Broad Ripple Resident Pitches A Rewrite Of A City Park's Name


Dan Wakefield - Photo credit: Sky Blue Window

Dan Wakefield

Photo credit: Sky Blue Window

INDIANAPOLIS – Dan Wakefield’s stories have always featured bits of his Hoosier upbringing sprinkled within them. Now the park he played in as a kid may soon bear his name.

Broad Ripple resident Patrick Chastain is leading the charge to rename Broadway and 61st Park after the Indianapolis author, and has started a petition drive on change.org. He said the park’s generic name creates an opportunity to honor one of Indiana’s most renowned writers.

“He grew up a couple blocks from the park. He went to School 80 a couple blocks from the park. He’s from Broad Ripple and I couldn’t think of a better person to name the park after,” Chastain said.

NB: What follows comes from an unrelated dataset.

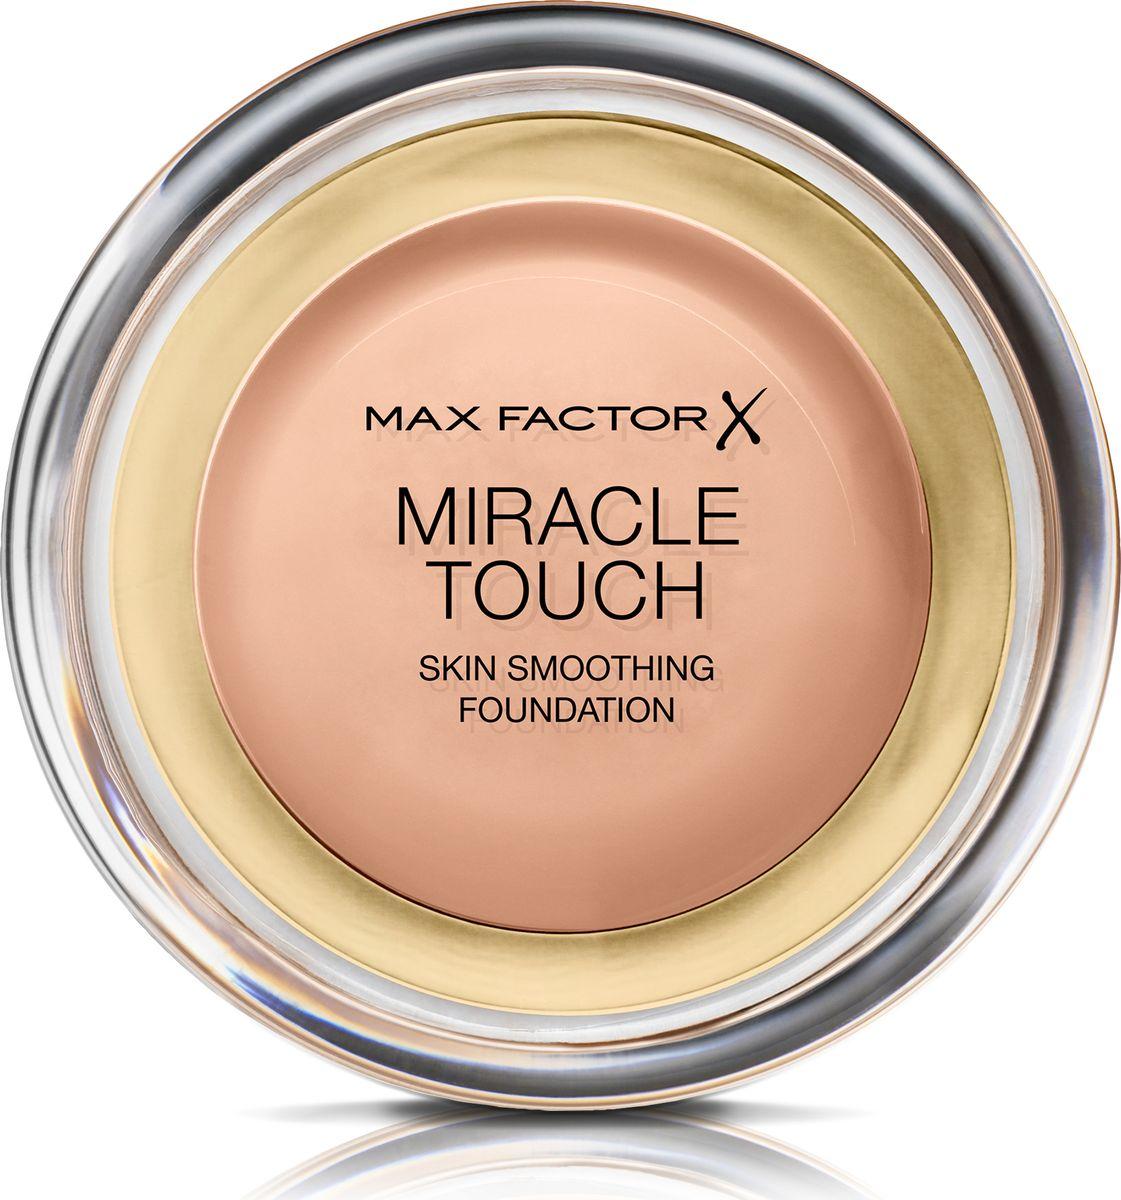 Max Factor Тональная Основа Miracle Touch Тон 55 blushing beige 11,5 гр81057Уникальная универсальная тональная основа MaxFactorMiracleTouch обладает кремообразной формулой, благодаря которой превосходно подготовить кожу для макияжа очень легко. Всего один слой без необходимости нанесения консилера или пудры. Легкая твердая тональная основа тает в руках и гладко наносится на кожу, создавая идеальное, безупречно блестящее и равномерное покрытие, не слишком прозрачное и не слишком плотное. В результате кожа выглядит свежей, необычайно ровной и приобретает сияние. Чтобы создать безупречное покрытие, можно нанести всего один легкий слой тональной основы или же сделать покрытие более плотным благодаря специальной формуле. Тональная основа подходит для всех типов кожи, включая чувствительную кожу, и не вызывает угревой сыпи, так как не закупоривает поры. Спонж в комплекте для простого и аккуратного нанесения где угодно.Идеальное покрытие в один слой- консилер и пудра не нужны. Умеренное или плотное покрытие благодаря специальной формуле. Не вызывает угревую сыпь и не закупоривает поры. Дерматологически протестировано, подходит для чувствительной кожи.Удобная компактная форма, которую легко держать в руках, со спонжем для быстрого и простого нанесения. Идеальный оттенок должен соответствовать тону кожи на линии подбородка. Для получения наиболее профессионального результата с помощью спонжа, входящего в комплект, нанеси тональную основу MiracleTouchLiquidIllusion и распредели ее от центра лица к краям. Чтобы скрыть темные круги и недостатки кожи, наноси основу краем спонжа. Всегда наноси продукт при ярком дневном освещении.

Chastain said the idea came to him while reading Wakefield’s book Going All the Way. The novel features a scene set in the same park where Wakefield attended Boy Scout meetings and played as a child – the park at Broadway and 61st.

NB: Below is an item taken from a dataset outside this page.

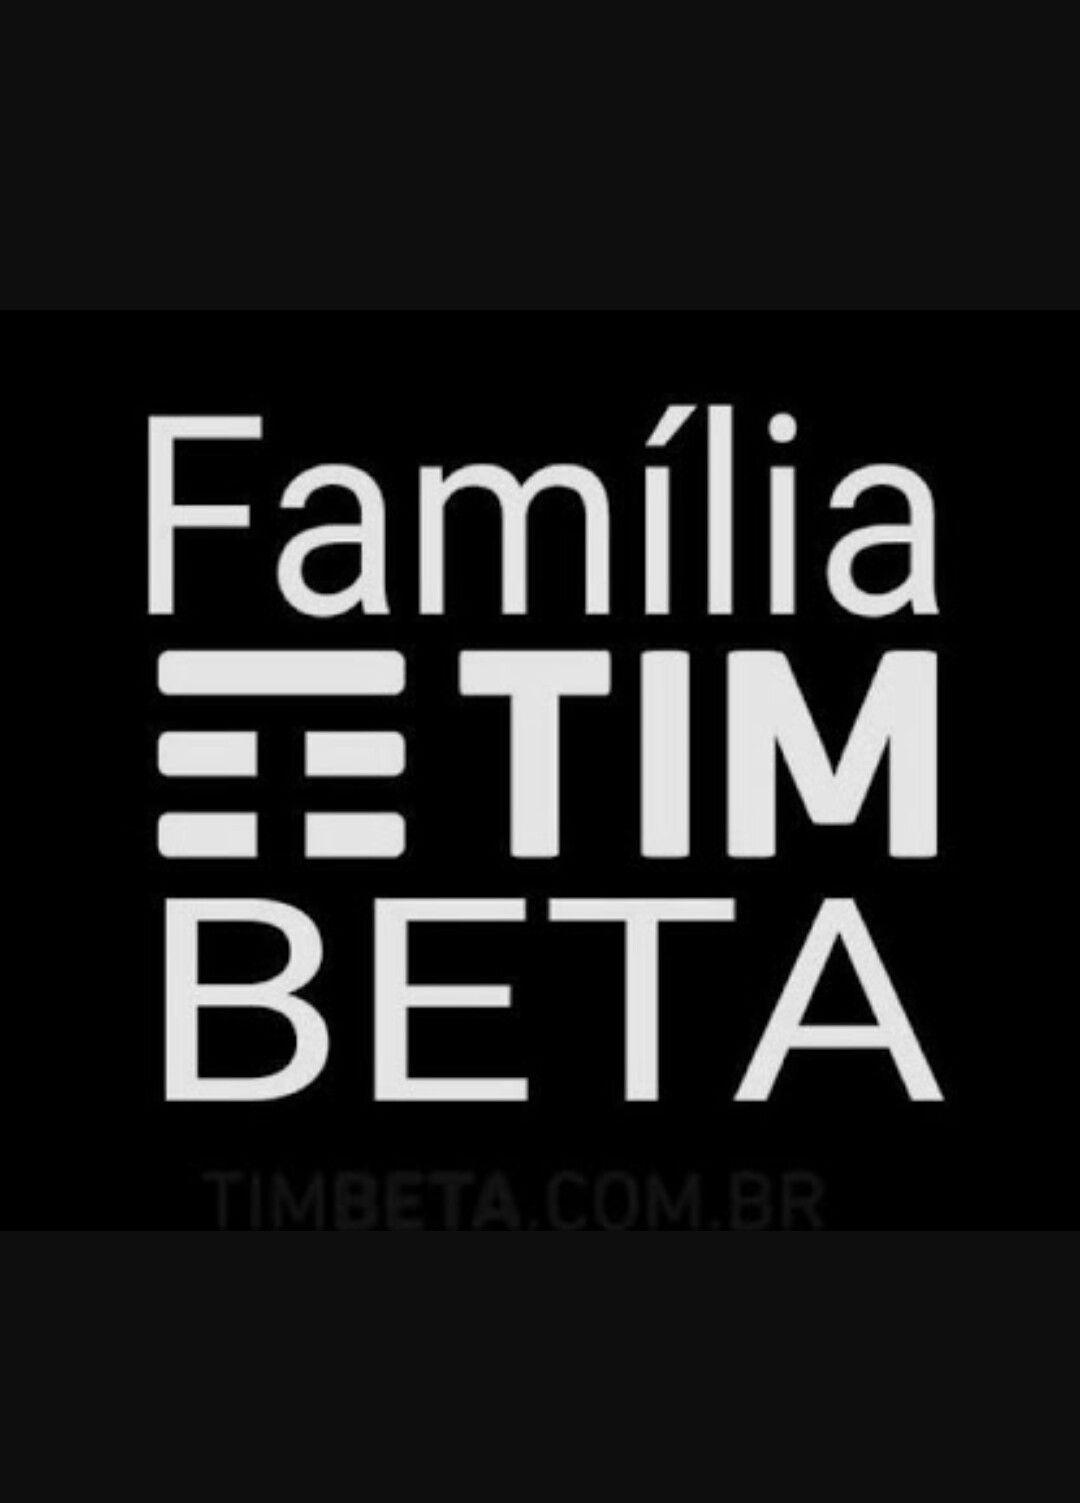 Timbeta vamos lá! #TimBeta

Wakefield said he’s flattered by the idea.

“He knows me through my books, so that makes it all the nicer,” Wakefield said. “It would be a great honor and it would certainly be the greatest honor I’ve ever had.”

The idea has drawn support from former Sen. Richard Lugar and literary supporters such as Barbara Shoup, the executive director of the Indiana Writers Center. She said the city needs to display more prominent support of its writers.

“You can go to the ballet and watch people dancing,” Shoup said. “You can go to the symphony and watch people playing their instruments and listen to them and think ‘Oh, how wonderful it is,’ but you can’t watch writers write. I’d like to see it – if nothing else – as a nod to literature.”

The parks board has not determined whether it will hear the proposal at its September 24th meeting.

Chastain said he hopes the ruling comes quickly and allows one of his idols to be immortalized while he is still able to enjoy the honor.

“People ask me ‘why should we name it after Dan while he’s still alive? Shouldn’t we wait until after he’s gone?’ It just makes no sense to me,” Chastain said. “Why would you not honor someone you care about while he or she is still alive to see it?”